Tier 2 — Differentiation from "just run Claude"
5. Multi-provider routing and comparison (§21, D-020)
This is where AIL becomes genuinely more capable than a single agent session. Three research-backed patterns:
- Model cascading: try the cheap/fast model first, escalate to expensive model if confidence is low. Research shows 50-80% cost reduction with minimal quality loss.
- Ensemble voting: multiple models answer, select the consensus or best answer. Improves reliability on factual/reasoning tasks.
- Cross-model verification: one model generates, a different model critiques. Reduces single-model blind spots.
6. Structured I/O schemas (§21)
Validating step outputs against JSON Schema, with automatic retry on validation failure. This is the standard pattern for reliable LLM pipelines — generate, validate, retry. Without it, downstream steps receive garbage and propagate errors silently.
7. Evaluation / self-critique steps (NOT IN SPEC)
Research strongly supports LLM-as-judge patterns: have a model score or accept/reject output against rubric criteria. This is fundamentally different from on_result: contains: (string matching). A first-class evaluate: step type that takes criteria and returns a structured verdict would make pipelines self-correcting. Constitutional AI, chain-of-verification, and self-consistency all depend on this primitive.
8. before:/then: chains (§5.7, §5.10)
Composability. Lets you attach pre/post processing to any step without flattening everything into the main sequence. This is how reusable step fragments work.
Tier 3 — Production readiness
9. FROM inheritance (§7)
Reusable pipeline templates. Without this, every project copies boilerplate. Important for ecosystem growth but not for individual pipeline value.
10. Cost/token budgets (NOT IN SPEC)
No concept of per-step or per-run token limits, cost caps, or budget-aware model selection. In production, runaway costs from long context or retry loops are a real operational risk.
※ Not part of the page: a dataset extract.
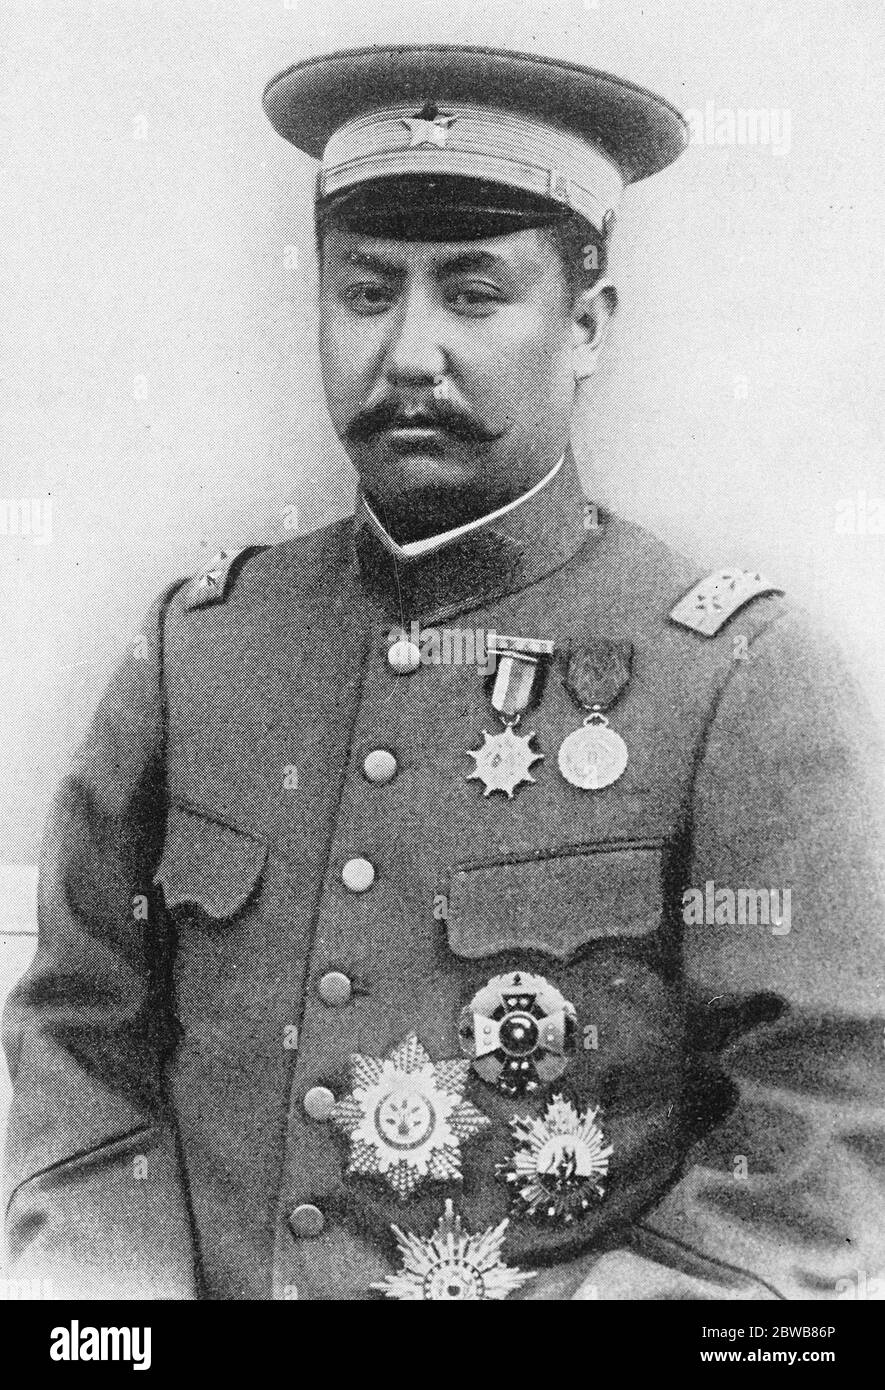 Général Yen HSI - Shan , gouverneur militaire de la province de Shansi et créateur d'un nouveau programme d'éducation populaire en Chine . 25 janvier 1925 Banque D'Images

A budget: field per step or per pipeline would enable model cascading and prevent cost blowouts.
11. Safety guardrails (§21)
Enterprise adoption requires allowlists, blocklists, and output filtering. Not exciting, but a hard gate for certain buyers.
12. Dry run mode (§21)
Essential for pipeline development. Render resolved prompts without making LLM calls. Cheap to implement, high quality-of-life value.
13. Observability — OpenTelemetry (§21)
Production debugging. The turn log is good for audit; OpenTelemetry is good for understanding latency, cost, and failure patterns in real time.
14. HITL modify action (§13.2) + richer human-in-the-loop
pause_for_human is a no-op. The real pattern is richer: human reviews output, provides feedback, pipeline incorporates it and continues. Approval gates with context display.
Tier 4 — Ecosystem / long-term
15. Skill parameters & built-in modules (§14)
16. Named pipelines (§10)
17. Pipeline registry & versioning (§21)
18. Plugin extensibility (§21)
19. Self-modifying pipelines (§21) — interesting but risky; low trust without strong safety primitives first
Major Missing Modalities (Not in Spec)
These are not in the spec at all and represent gaps relative to how LLMs actually work and what research shows matters:
A. Loops / Bounded Iteration
The most critical gap. Every effective agent system today uses generate-test-fix cycles. The spec has no loop primitive. You need something like:
- id: fix-loop
loop:
max_iterations: 5
exit_when: "{{ step.test.exit_code }} == 0"
steps:
- id: fix
prompt: "Fix the failing tests..."
- id: test
context:
shell: "cargo test"
Without this, AIL can't express the most common agent pattern in existence.
B. Sampling Parameter Control
No way to set temperature, top-p, or reasoning mode per step. Research is clear: low temperature for code/factual tasks, higher for brainstorming/exploration. Best-of-N sampling (generate N candidates, pick the best) is a proven technique. Extended thinking / chain-of-thought toggles per step matter too — some steps need deep reasoning, others need fast responses.
C. Retrieval / Context Injection
context: shell: and context: mcp: exist, but there's no first-class retrieval primitive — "search these files/this vector store for content relevant to the prompt and inject it." RAG is the dominant accuracy-improvement technique. A context: retrieve: or context: search: type would be high value.
D. Caching / Memoization
If a context: shell: step returns the same result as last run (e.g., cargo test with no code changes), reuse it. If a prompt+context hash matches a prior run, optionally reuse the LLM response. This saves significant cost and latency in iterative development, where you re-run pipelines frequently with small changes.
E. Output Transformation / Extraction
No way to extract structured data from a step's response before passing it to the next step. In practice you often need: "take the JSON from step A's response, extract the errors array, pass each error to step B." A transform: or extract: directive (regex, JSONPath, or LLM-based extraction) would bridge steps cleanly.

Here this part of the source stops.